JENNY KIRK AGAINST NORTH SHORE TIMESThe Press Council has not upheld a complaint by Jenny Kirk against the North Shore Times about the editing of a letter to the editor.
Former North Shore City Councillor Jenny Kirk sought a correction from the North Shore Times after the editing of her letter to the editor, published on Thursday 2 August 2007, made it appear that she supported the removal of a pohutukawa tree from outside the Takapuna Boating Club when, in fact, she was opposed to its removal.
The last two paragraphs of her letter, dealing with a perceived conflict of interest involving a member of the Takapuna Community Board, had been cut and replaced with two paragraphs of text from elsewhere that supported the removal of the tree.
The newspaper published a correction on Tuesday 7 August 2002 acknowledging the error and confirming that she was opposed to the removal of the tree.
Ms Kirk accepted that her letter had been too long and would have needed editing, but she was not satisfied with the newspaper’s correction. She complained to the Press Council that while the correction went some way towards mitigating the editing errors, it did not address the main point of her letter; this was her contention that a Takapuna Community Board member had a conflict of interest. She said the correction made no mention of this point.
She then widened her complaint to say there had been similar problems with other letters she had sent. She said the newspaper seemed unable to correctly print letters from people with opposing viewpoints.
The Newspaper’s Response
The newspaper’s editor said the error was noted in an email exchange with Ms Kirk, full responsibility was accepted and a correction was published immediately. The correction was published in boxed form, to give it prominence. The editor assured Ms Kirk that the North Shore Times was objective in its handling of copy.
The editor said the letter had been condensed because it had exceeded guidelines on length. Her letter was 389 words when readers were asked to restrict letters to 200 words.
There are three parts to Ms Kirk’s complaint: the initial editing errors; the failure of the correction to address the question of conflict of interest; and her view that the newspaper was prone to editing errors when dealing with opposing viewpoints.

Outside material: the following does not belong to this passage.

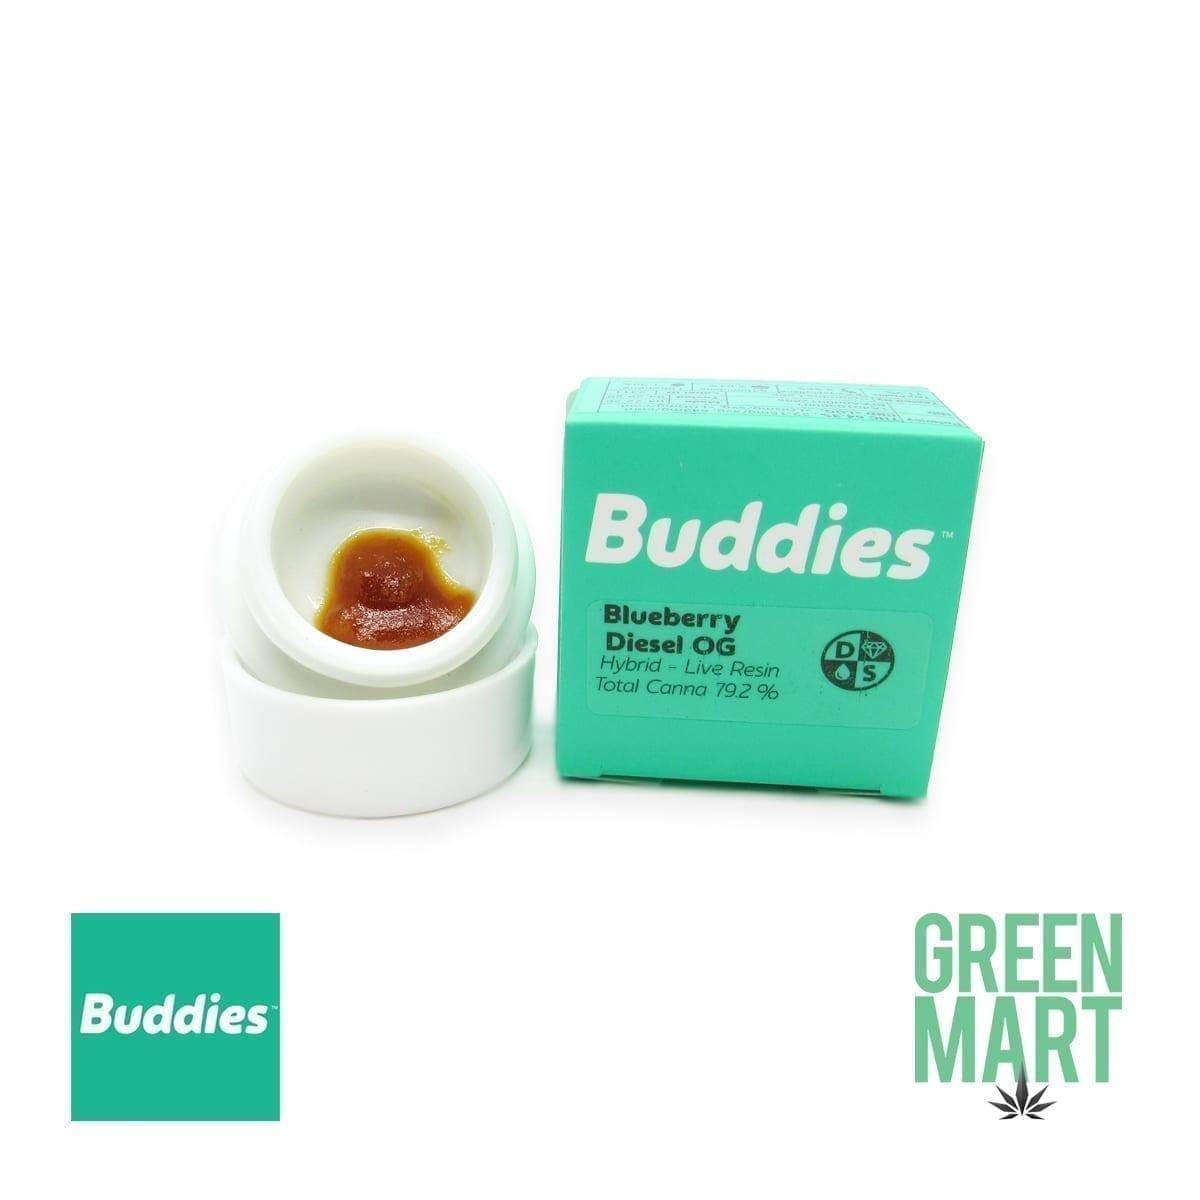 Buddies Dab - Blueberry Diesel OG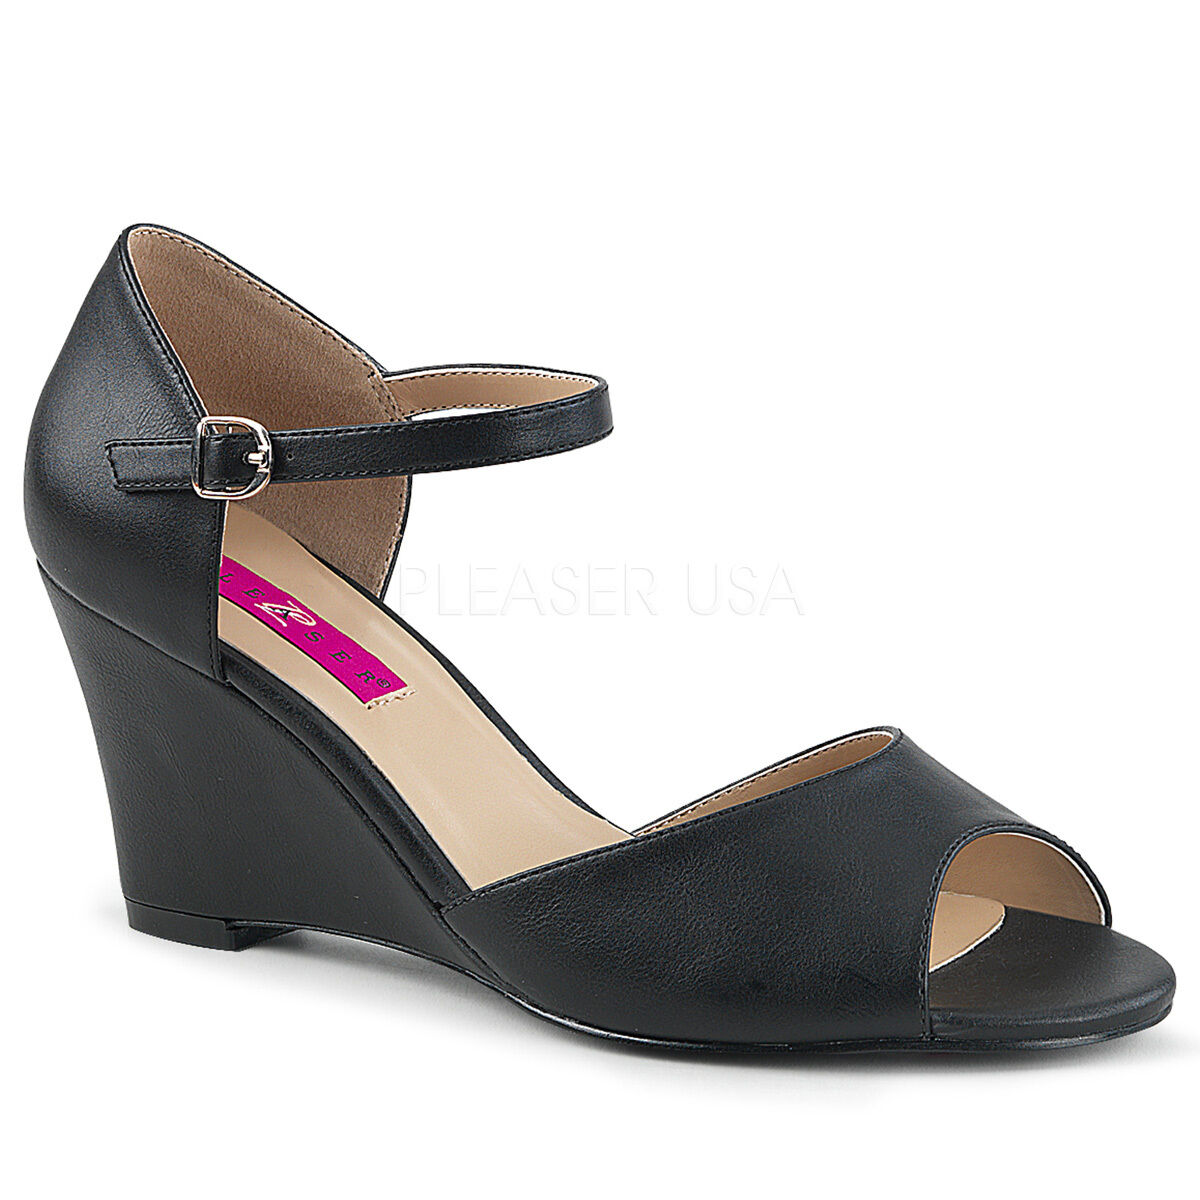 PLEASER Sexy 3  Wedge High Heels Black Faux Leather Sandals shoes KIM05 BPU

This complaint has been considered in light of two of the Press Council’s principles governing letters to the editor and corrections.
In the first aspect to the complaint, the editing confused the issue by adding an opposing viewpoint to the bottom of Ms Kirk’s letter. This was readily acknowledged by the newspaper, which promptly published a correction pointing that she was against the proposal to remove the tree.
As to the second part of the complaint, the editing removed paragraphs that essentially repeated her argument about conflict of interest that had been made in the opening statements of the letter. Ms Kirk’s point had not been lost. It is a newspaper’s prerogative to edit letters, provided there is fairness and balance.
The Press Council is unable to express a view about the newspaper’s treatment of previous letters from Ms Kirk, or its treatment of other letters published in the same edition, having had no specific complaints or evidence to consider.
The Press Council, by a majority of ten to one, does not uphold the complaint.
Council members considering the complaint were Barry Paterson, Aroha Beck, Ruth Buddicom, Kate Coughlan, John Gardner, Penny Harding, Keith Lees, Clive Lind, Denis McLean, Alan Samson and Lynn Scott.